Farewell

abhigyaan Deep

January 5th, 2026

Major: Aerospace Engineering & Cyber-Physical Systems

Genre/Medium: Acrylic Painting

About the Work: 

Farewell, little blue marble.

Farewell is an acrylic painting that reflects on one of the most emotional moments in any deep-space mission: a point in time when the spacecraft has been separated from its booster for a while and begins its solitary journey into the vast, silent dark, well beyond Earth. It’s a moment defined by contrast, nominal in the aerospace lingo, yet profoundly human. Mission controllers may observe telemetry scroll across their monitors, confirming the craft’s health, orientation, and trajectory. Still, beneath that reassuring data lingers a quiet truth: once it slips into the outer reaches of space, no human may ever lay eyes on that machine again. The vehicle becomes both a triumph of engineering and a phantom, continuing its mission out of sight.

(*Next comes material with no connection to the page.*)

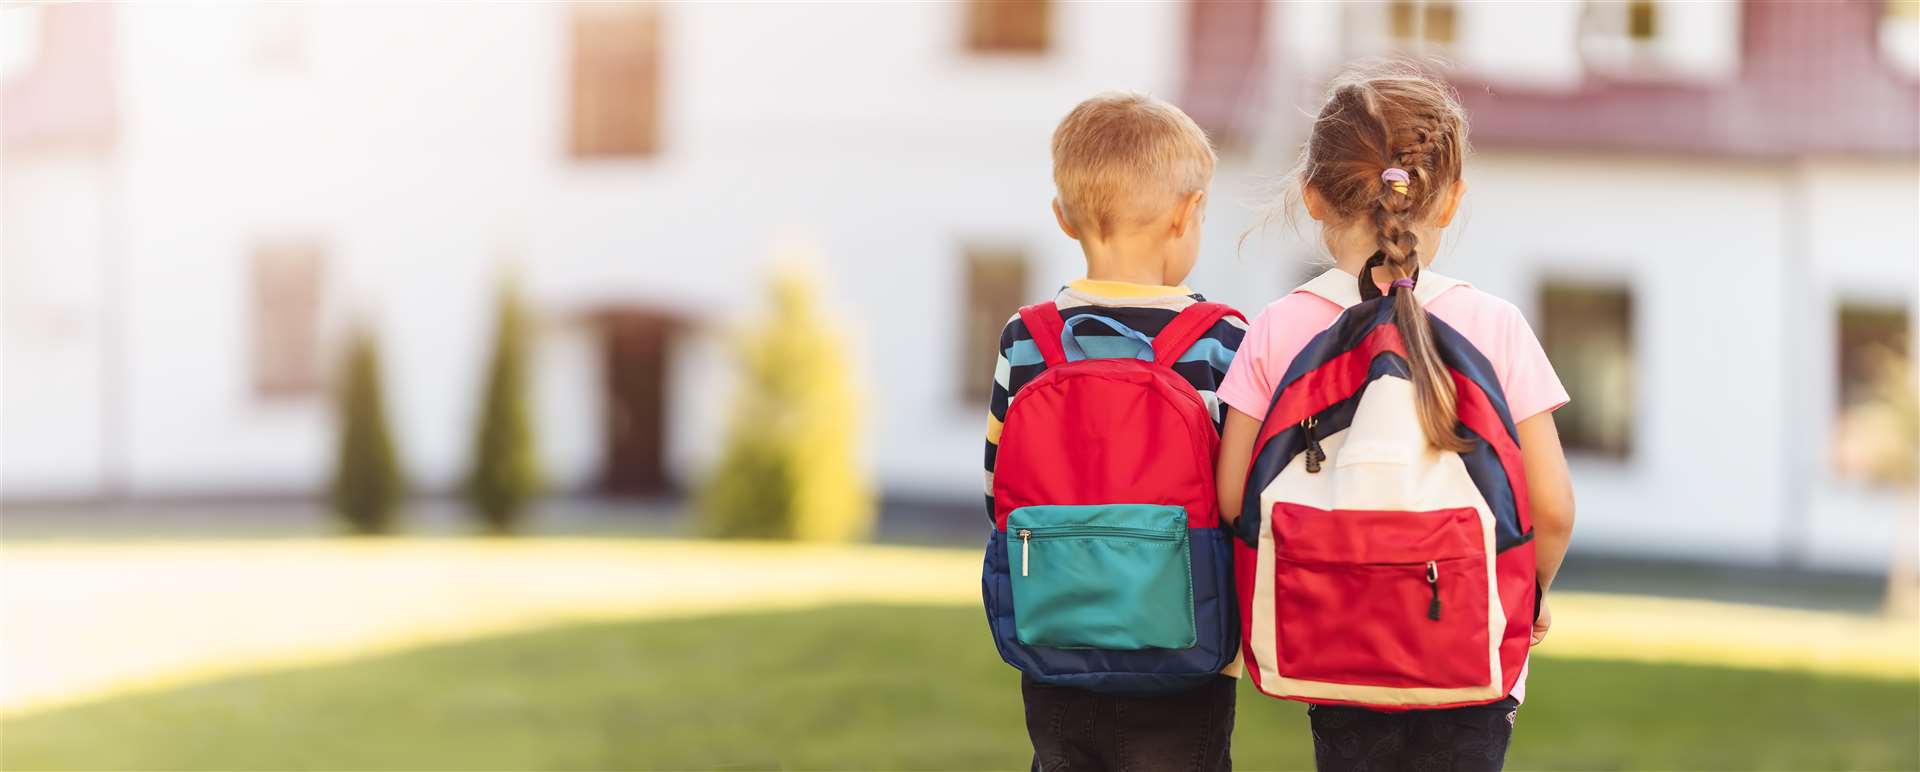 The school-age payment can help buy school bags and materials.

With the freedom of artistic liberty, Farewell imagines the scene as the craft approaches the edge of Earth’s sphere of influence, a conceptual boundary used in astrodynamics to transition from Earth-relative dynamics to solar. In the painting, Earth appears in the background as a shrinking world of oceans and weather systems, with the Moon rendered as a pale, almost hesitant glint beside it. Beyond them stretches an immense emptiness, punctuated by scattered stars, emphasizing just how small even a planet appears when framed by deep space.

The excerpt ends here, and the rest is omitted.